Interim CEO Elias Diaz Sese said: “We have delivered record first quarter sales and orders thanks to the immense hard work of our franchise partners and colleagues in executing our strategy and our relentless focus on giving customers the best possible quality, value and service.
“Whilst this year has started well for Domino’s, there continues to be uncertainty in the economic environment with household budgets likely to remain under increasing pressure. However, we continue to be excited about the many opportunities we see for Domino’s in 2023 and beyond as we continue to work towards our purpose of delivering a better future through food people love.

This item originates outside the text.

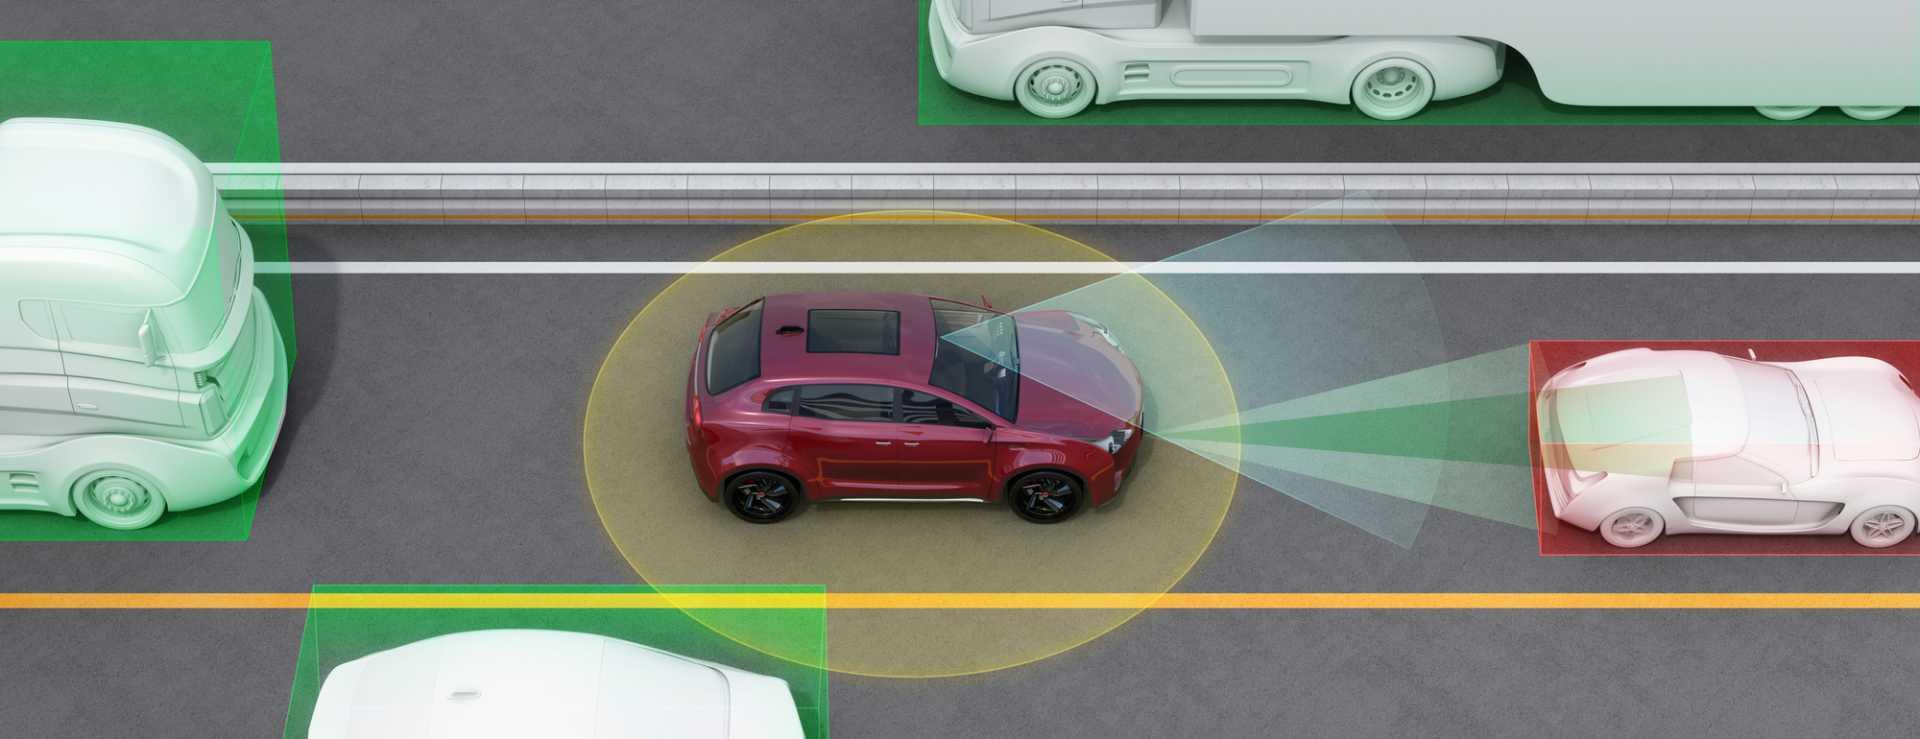 Concept illustration for auto braking, lane keeping functions autonomous vehicles - image courtesy of Depositphotos.

“We are well placed to succeed as we accelerate the execution of our strategy. We are focused on improving our franchise partners’ profitability and we have made good progress in investing in the business and driving operational efficiencies. Combined with the benefit of new store openings, the Just Eat platform rollout and further product innovation, we remain confident that our resilient, asset-light business model will deliver market share gains, further financial and strategic progress, and increased returns for our shareholders.”
On the markets this morning, the FTSE 100 is down 0.3% to 7,766.5pts.
Early fallers include Virgin Wines, down 9% to 35.5p, THG, down 1.9% to 114p and Ocado, down 1.5% to 480p.
Risers include Bakkavor, up 4.1% to 99.6p, Hotel Chocolat, up 2.9% to 175p and Domino’s Pizza Group, up 1.4% to 306p.
Yesterday in the City
The FTSE 100 closed yesterday up 0.2% to 7,788.3pts.
The day’s risers included Nichols, up 1.9% to 1,050p, Deliveroo, up 1.8% to 110.6p, Hilton Food Group, up 1.7% to 724p, WH Smith, up 1.4% to 1,615p, Coca-Cola Europacific Partners, up 1.3% to €59.25 and Britvic, up 1.3% to 933p.
Haleon was amongst the fallers, dropping 3.4% to 340.9p after releasing its Q1 results.
Other fallers included Glanbia, down 3.7% to €13.34, Hotel Chocolat, down another 2.9% to 170p, Ocado, down 1.6% to 487.3p, Associated British Foods, down 1.6% to 1,925.5p, PZ Cussons, down 1.5% to 202p and Marks & Spencer, down 0.7% to 163.4p.